In the absence of any internal check for battery life and a working horn, a smoke detector would quality for Eqc option 3. That means we have to test the new smoke detector for 60 days and if we don’t observe anything, then we only need to check for fire once a week. Once again, we trust that the smoke detector actually works, even though we’ve never tested its error detection capability.

Eqc is really about smoke and mirrors, not smoke and fire. Without proper design and implementation of the daily statistical QC procedure, there is no evidence that the lack of alarms can be equated to the lack of errors and the presence of quality. Given that proper implementation of appropriate statistical QC procedures is still a major deficiency in laboratories, it is not realistic to expect laboratories to now use statistical QC to prove that QC can be further reduced from daily to weekly or even monthly.

Who’s clinically and legally responsible?

The most damning words about equivalent QC practices come from the Interpretive Guidelines themselves in section D5445:

NOTE: Since the purpose of control testing is to detect immediate errors and monitor performance over time, increasing the interval between control testing (i.e. weekly, or monthly) will require a more extensive evaluation of patient test results when control failure occurs (see 493.1282). The director must consider the laboratory's clinical and legal responsibility for providing accurate and reliable patient test results versus the cost implications of reducing the quality control testing frequency. [CMS emphasis, not ours]

The government is proposing a practice that it is not willing to condone. You can do this, you'll be in compliance with the letter of this particular law, but the government isn't willing to guarantee that it's clinically or legally acceptable. Does that inspire confidence in you? Would that inspire confidence in the physician users and patient customers you serve?

What’s the bottom line?

In an era where we are hearing more and more about medical errors in healthcare, where there are louder and louder calls for better quality and more safety, why are we degrading the practice of QC? Observations of current QC practices, even CMS’s own evidence from laboratory inspections, suggest that we need more QC, not less, in healthcare. Yet the effect of CLIA Final Rule and Interpretive Guidelines will be a further reduction in QC. Both manufacturers and laboratories are to benefit and to blame.

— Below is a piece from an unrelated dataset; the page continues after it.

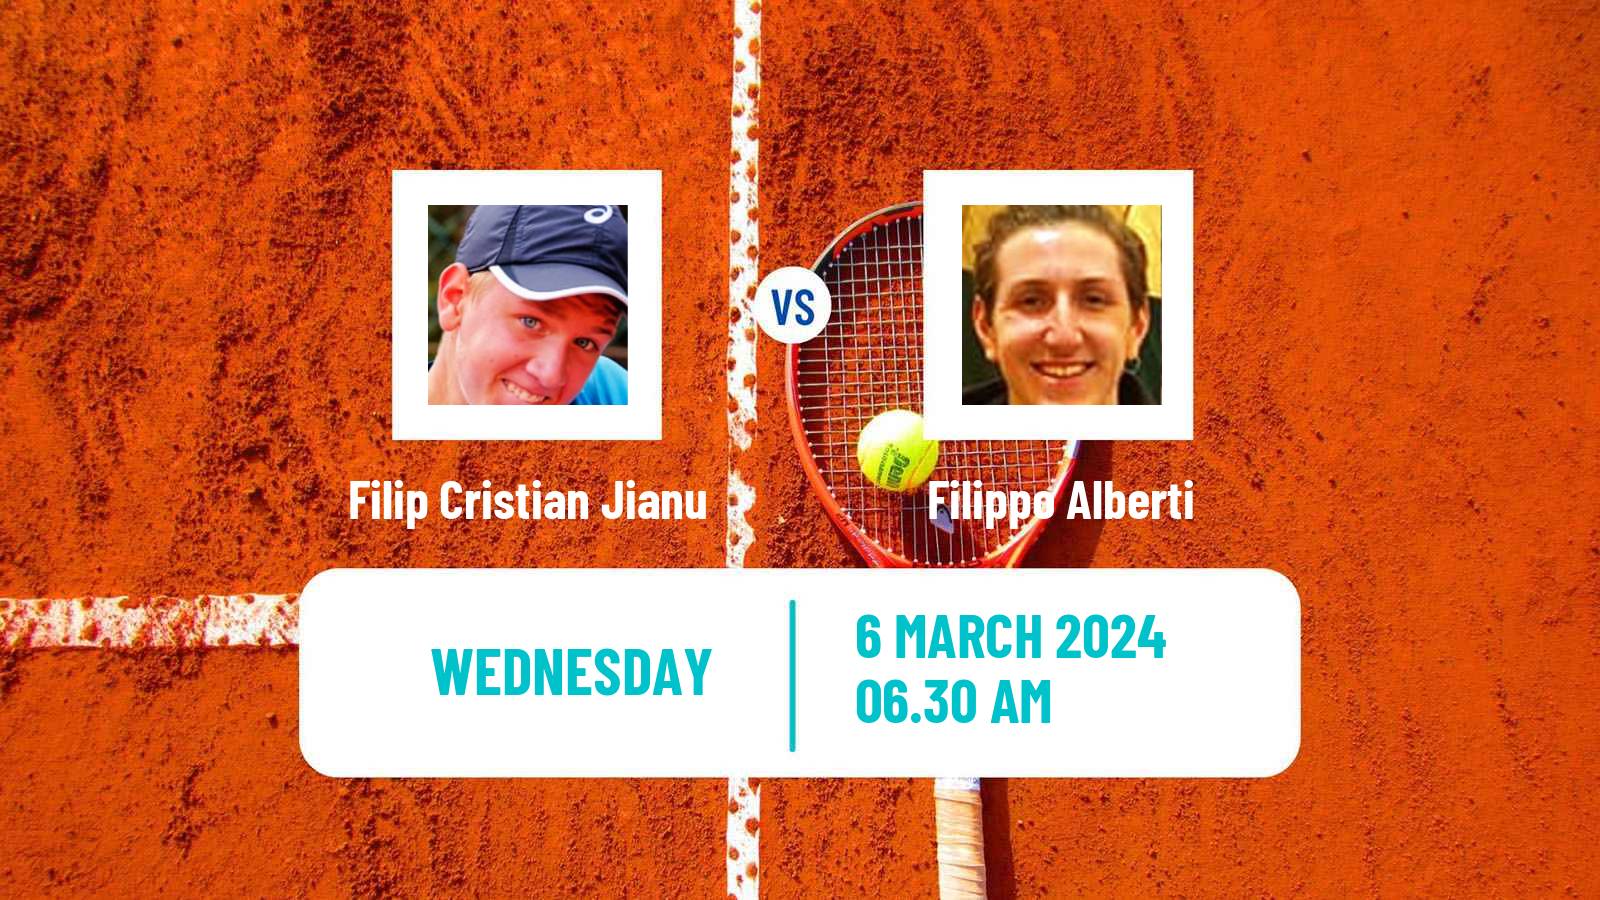 Tennis ITF M15 Kish Island 4 Men Filip Cristian Jianu - Filippo Alberti

As of this writing, the US is in the middle of what's called a “jobless recovery.” That is, the economy is growing, but jobs are not being added. For some, “jobless recovery” is a contradiction in terms. For those who lost their jobs during the last recession and haven't found new employment, a jobless recovery simply isn't a recovery at all.

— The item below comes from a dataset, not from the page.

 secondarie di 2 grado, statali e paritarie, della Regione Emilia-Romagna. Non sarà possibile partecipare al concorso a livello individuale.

To “jobless recovery”, we need to add a new phrase “quality-less compliance.” The government is off the hook now that they've issued the Final CLIA Rule, and even more so because they have now said, in effect, “If these regulations aren't clinically responsible and legally defensible, that's not our fault, it's the fault of the Laboratory who decides to follow the regulations.” Manufacturers are off the hook, having avoided the need to obtain clearance of their QC instructions, shifting rather than sharing responsibility for quality with their laboratory users and customers. The Laboratory is responsible, which would be good if the Laboratory exercises that responsibility in a professional manner.

But Eqc is not a responsible option! If evidence-based medicine and patient safety are important in healthcare today, then professional responsibility requires that we own up to the potential shortcomings of Eqc - big errors, little quality, and little control. As laboratory professionals, we owe it to our patients to aim for excellence, not quality-less compliance!.